How often have we heard the question echoing from evangelical pulpits, “If you died tonight, where would you wake up?” Signs indicate that the American public has had enough of this god – this Great Gargoyle in the Sky – and is abandoning the Church in droves in a restless and futile search for anything that brings relief for the moment.

Somehow, after 400 years of being highly regarded (or at the very least quietly tolerated) as an important and contributing segment of society, the Confessing Church finds itself sliding downhill. Why, after the warnings of Jesus, this should be a surprise suggests that Bible-touting Christians should get back to the sourcebook that proclaims the sovereignty of God.

Instead, the alternative has been to blame the demise on folks outside the Church and lobby for laws to shame them for their “sinful” ways. Ego and Theology merge to push God to the margins – creating MAGA, a theocracy comfortable to the “non-sinner” in the church pew.

Birth of a mythical Jesus, son of an impotent God:

Righteousness by political leverage, however, appeals to people’s fears rather than to their deepest longings for peace with God and with each other. By abandoning the restorative work of self-sacrifice in favor of popularity, we have presented to the world a mythical Jesus, son of an impotent God.  

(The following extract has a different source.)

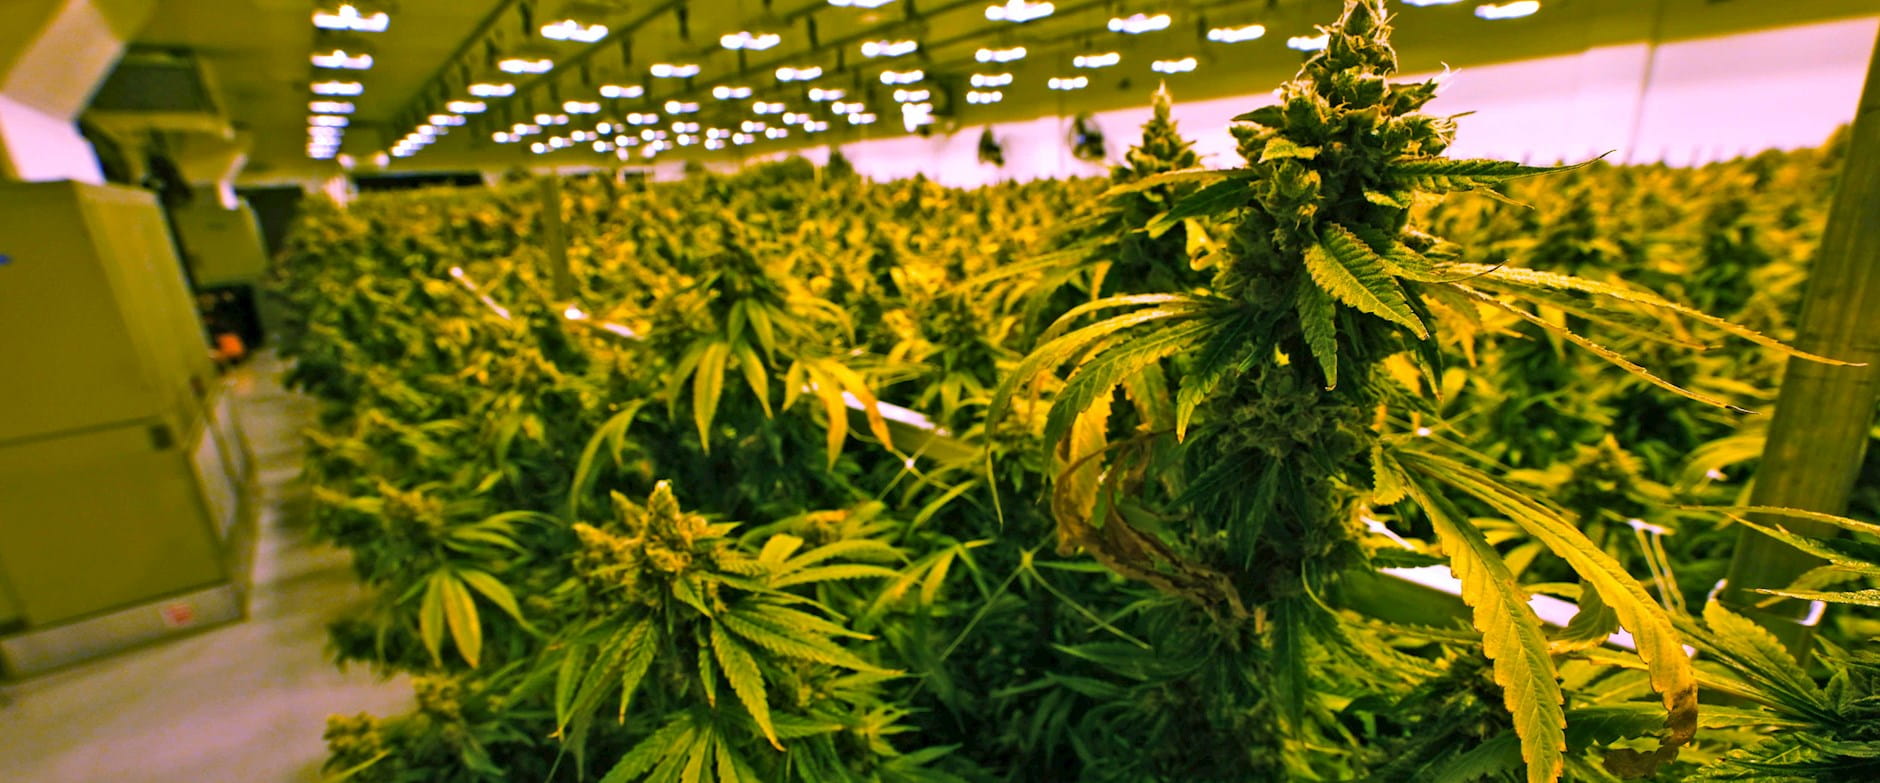 Rows of marijuana plants growing indoors

“Jesus is coming, and boy is He mad!” we told them. That held them for a while until they began to ask, “How does that knowledge affect me?”  While the right answer was to live alternatively as though rescued already, we didn’t know how to do that or how to teach that.  What we had learned in Sunday School was too abstract to be of much help. 

Up Popped the Rapture:

Up popped something called the Rapture, a 19th Century creation promising escape from a destiny of shame, guilt, rampant heart disease, cancer, diabetes, liberal politics, COVID-19, and Armageddon. “We righteous folks will be outa here!” Guess who’s “Left Behind”!

The American Dream of prosperity and success has received the imprimatur of evangelical Christianity as the blessing by God on a faithful people, the bar increasingly being lowered on the word “faithful” to fit our shifting lifestyles and our denominational preferences.

We have, it would appear, successfully re-created God in our own image, an image where love of neighbor submits to Darwinism – survival of the fittest no matter the cost to “other”.